• _WHAT YOU WILL DO_: Print the listing in its entirety and exactly, leaving out images.

• _PROVIDED DATA_:

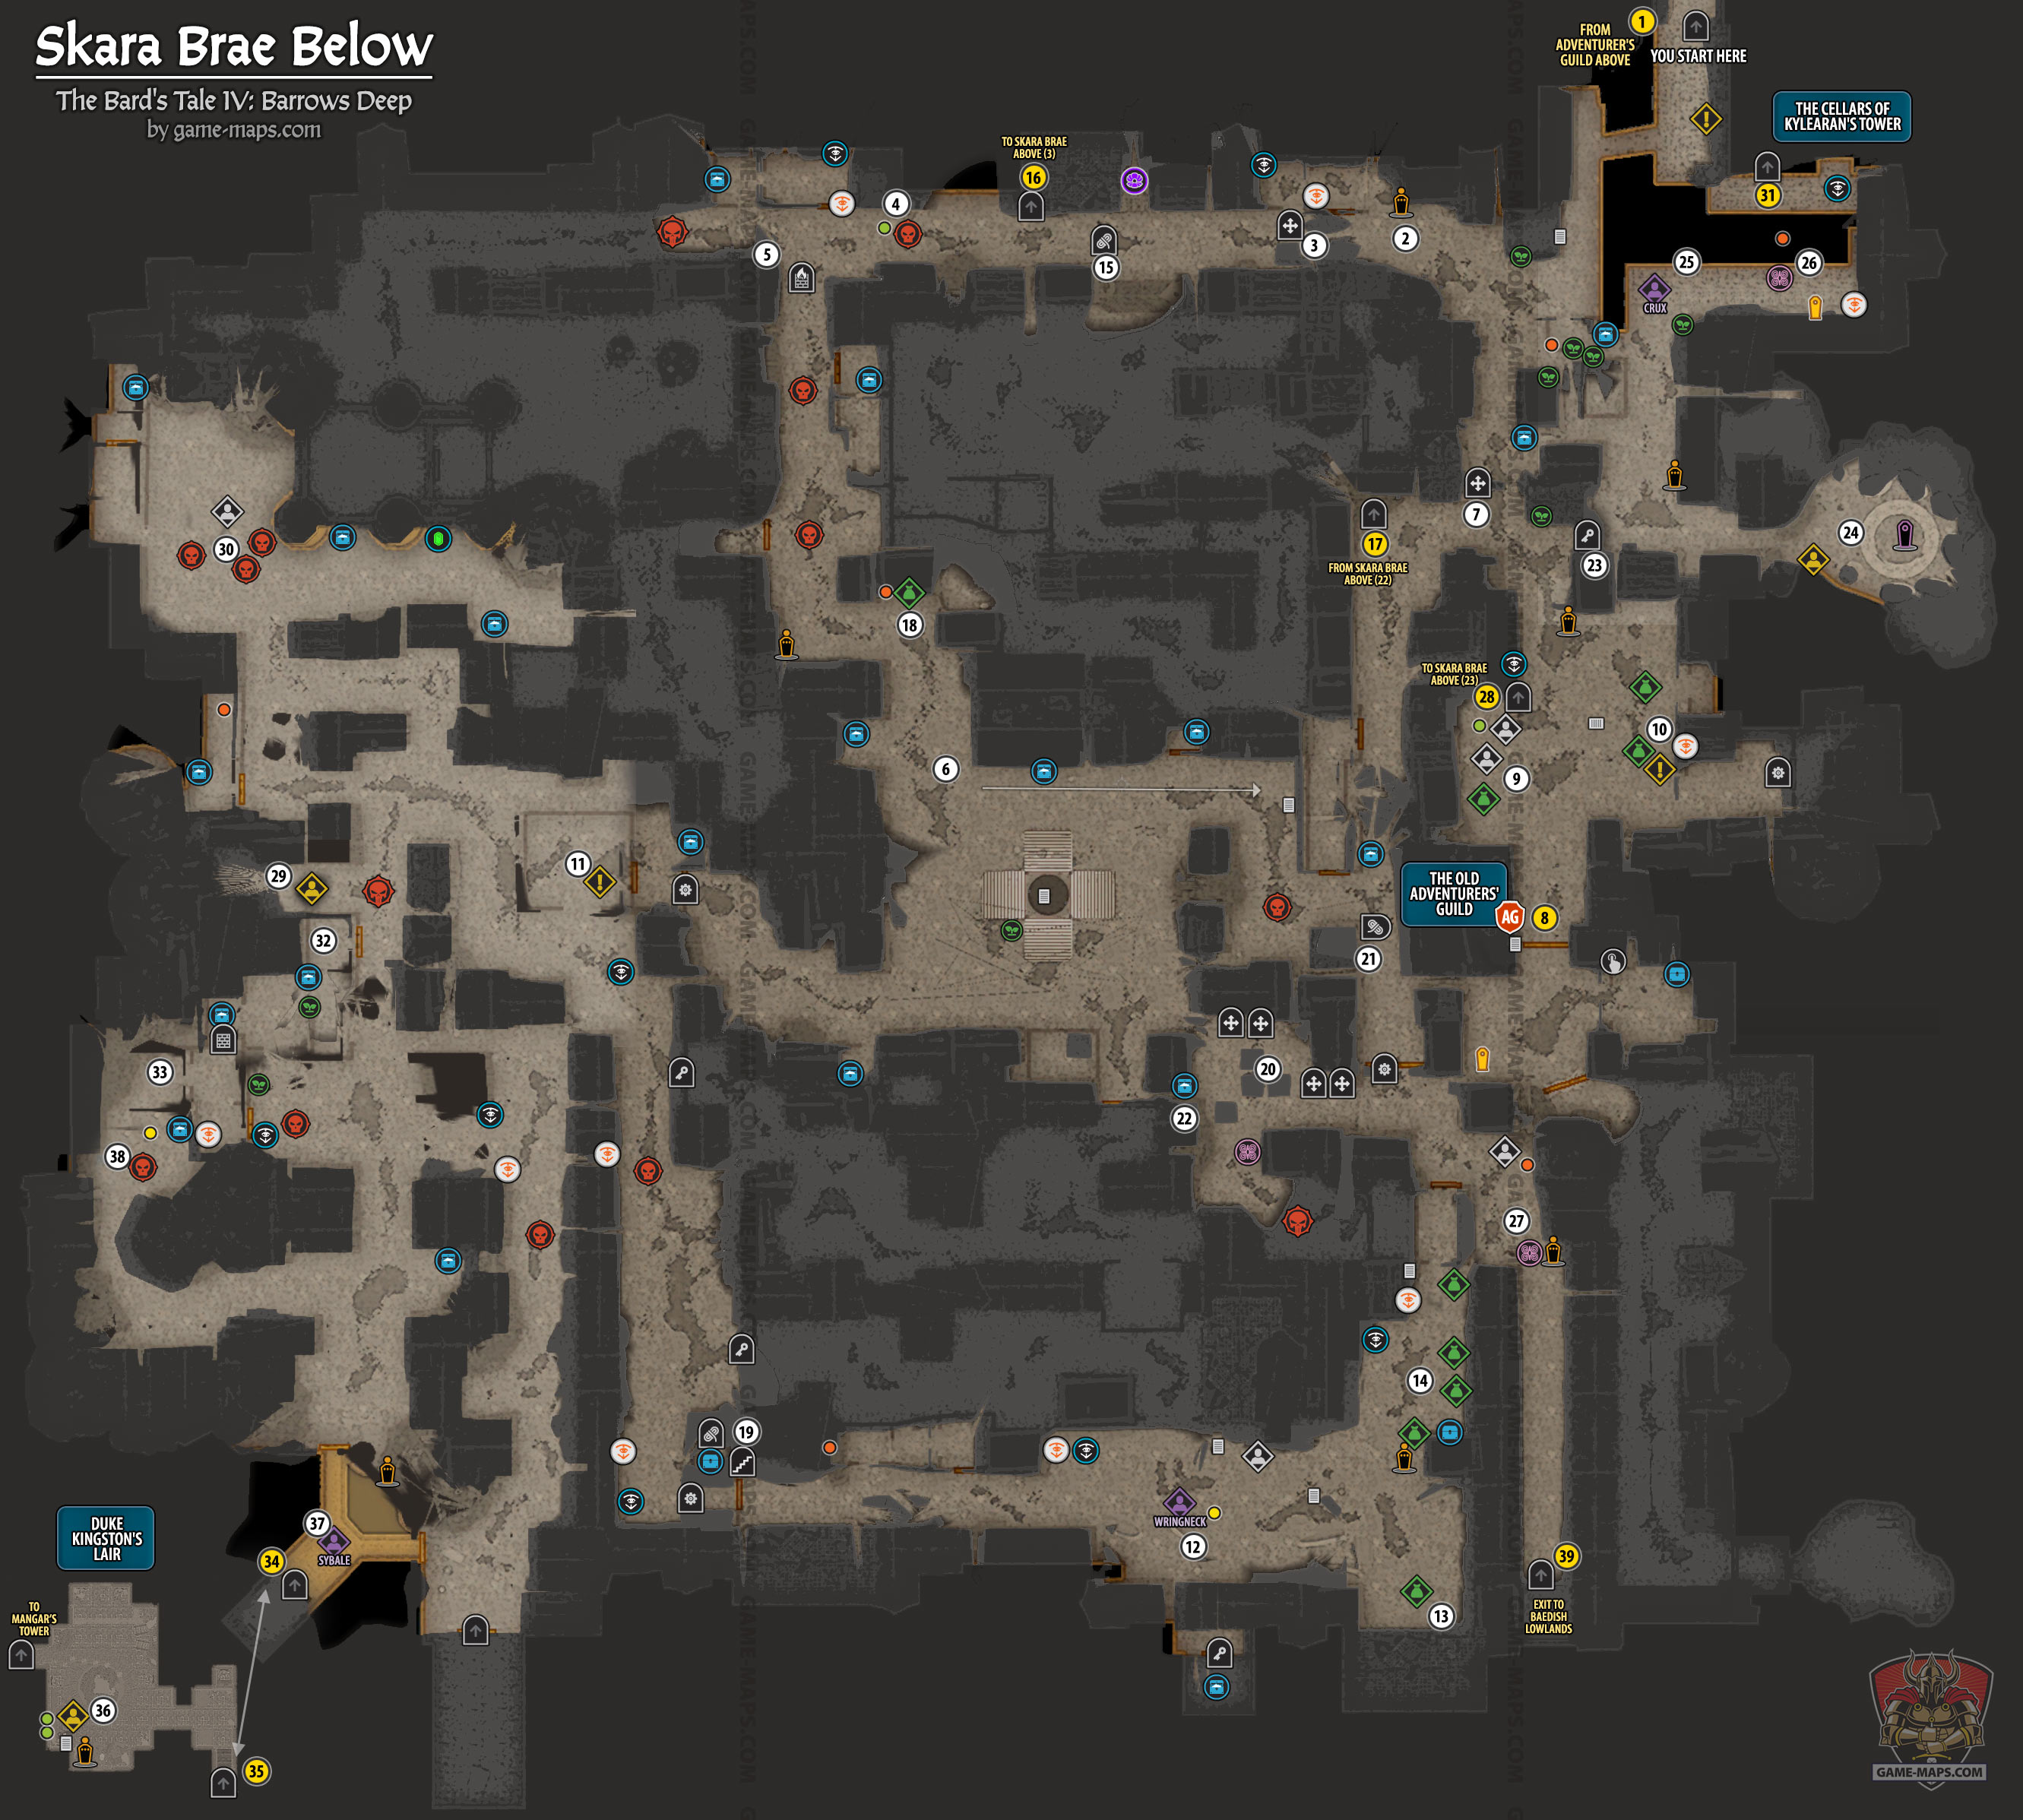 Skara Brae Below Map
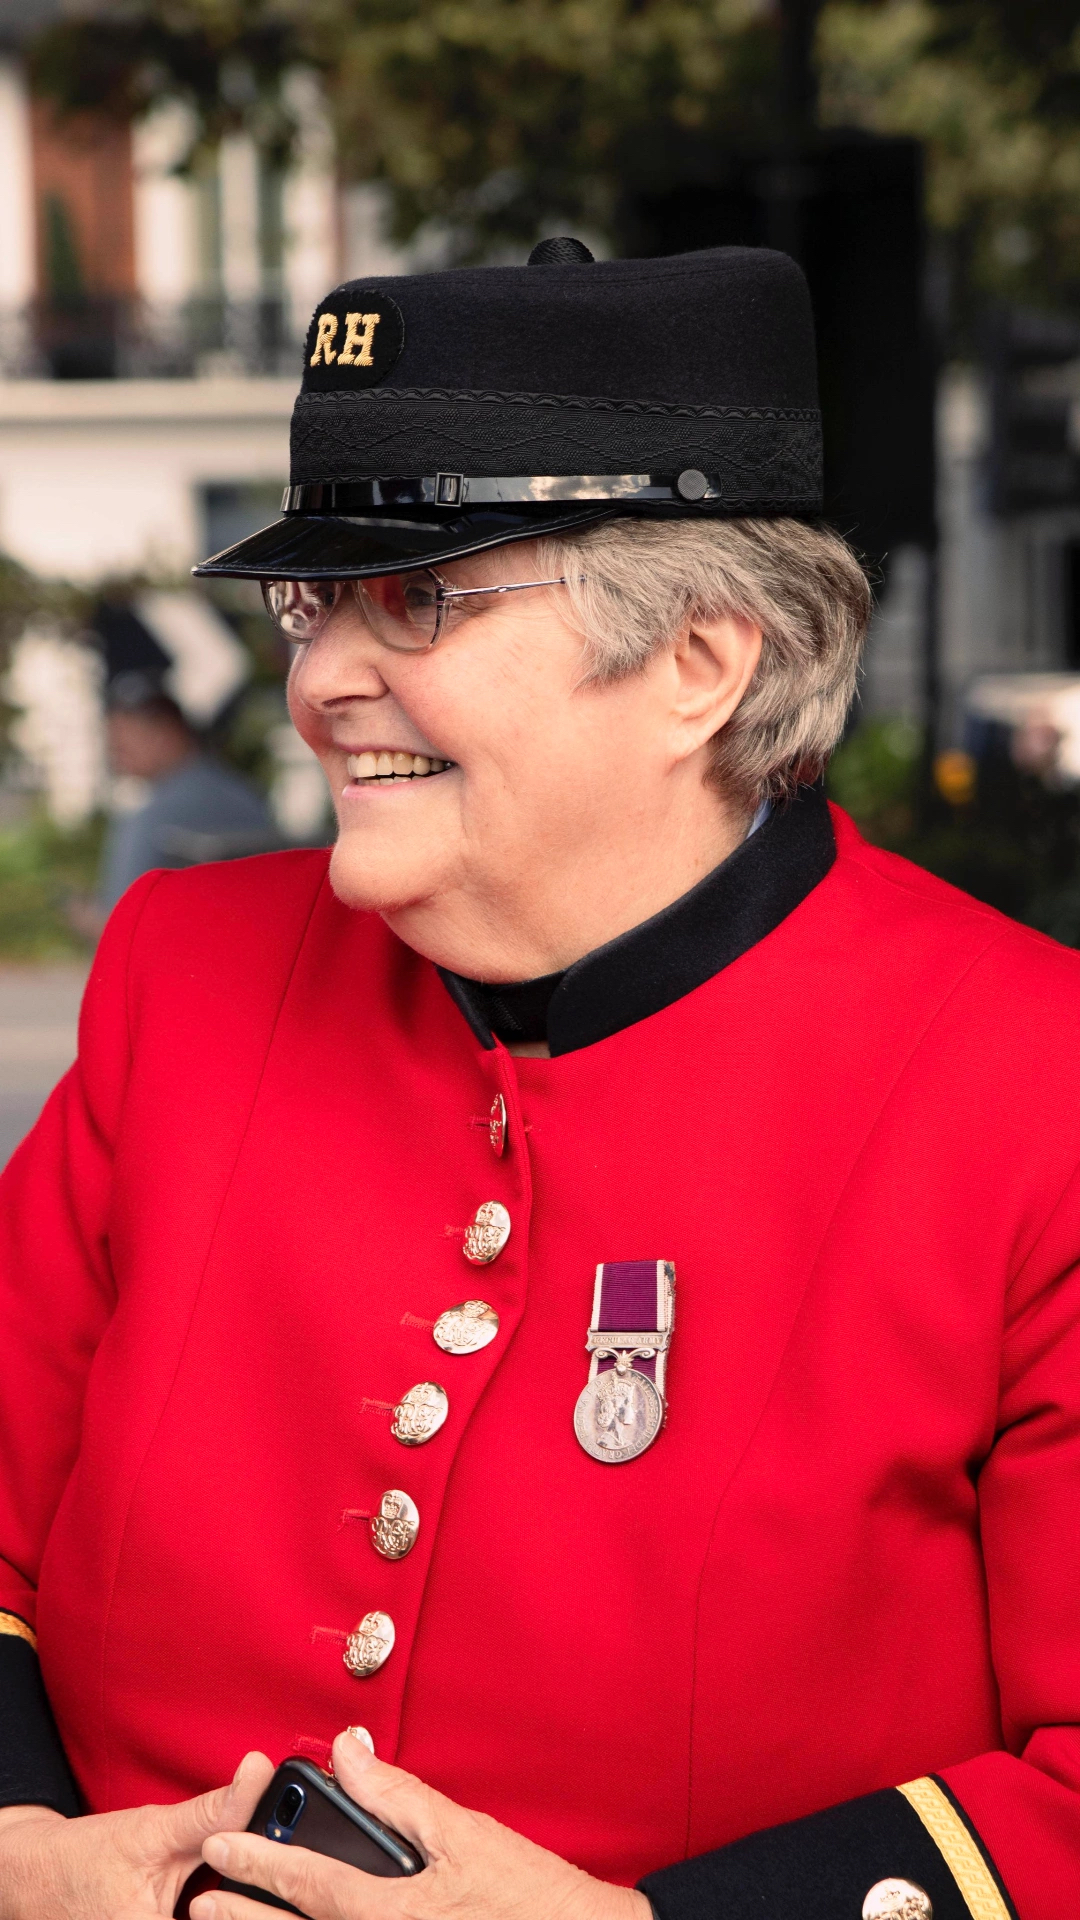 Chelsea Pensioner Jan Brodie Murphy in Scarlet uniform
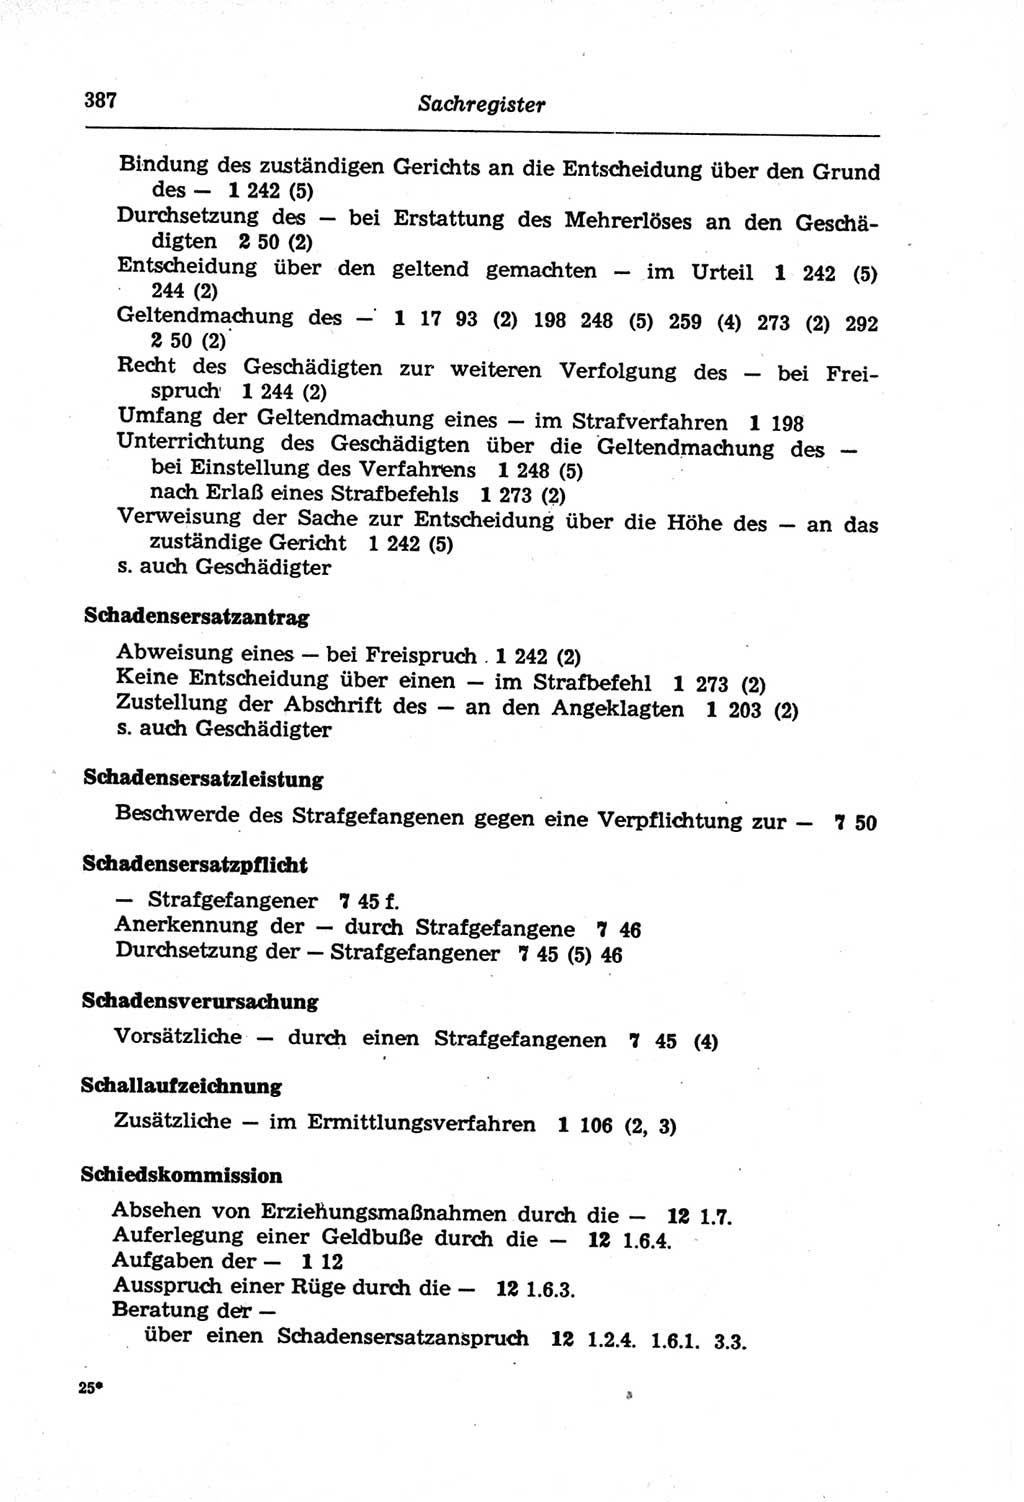 Strafprozeßordnung (StPO) der Deutschen Demokratischen Republik (DDR) und angrenzende Gesetze und Bestimmungen 1968, Seite 387 (StPO Ges. Bstgn. DDR 1968, S. 387)

• _SOLUTION TO THIS EXERCISE_:
 Skara Brae Below Map
 Chelsea Pensioner Jan Brodie Murphy in Scarlet uniform
 Strafprozeßordnung (StPO) der Deutschen Demokratischen Republik (DDR) und angrenzende Gesetze und Bestimmungen 1968, Seite 387 (StPO Ges. Bstgn. DDR 1968, S. 387)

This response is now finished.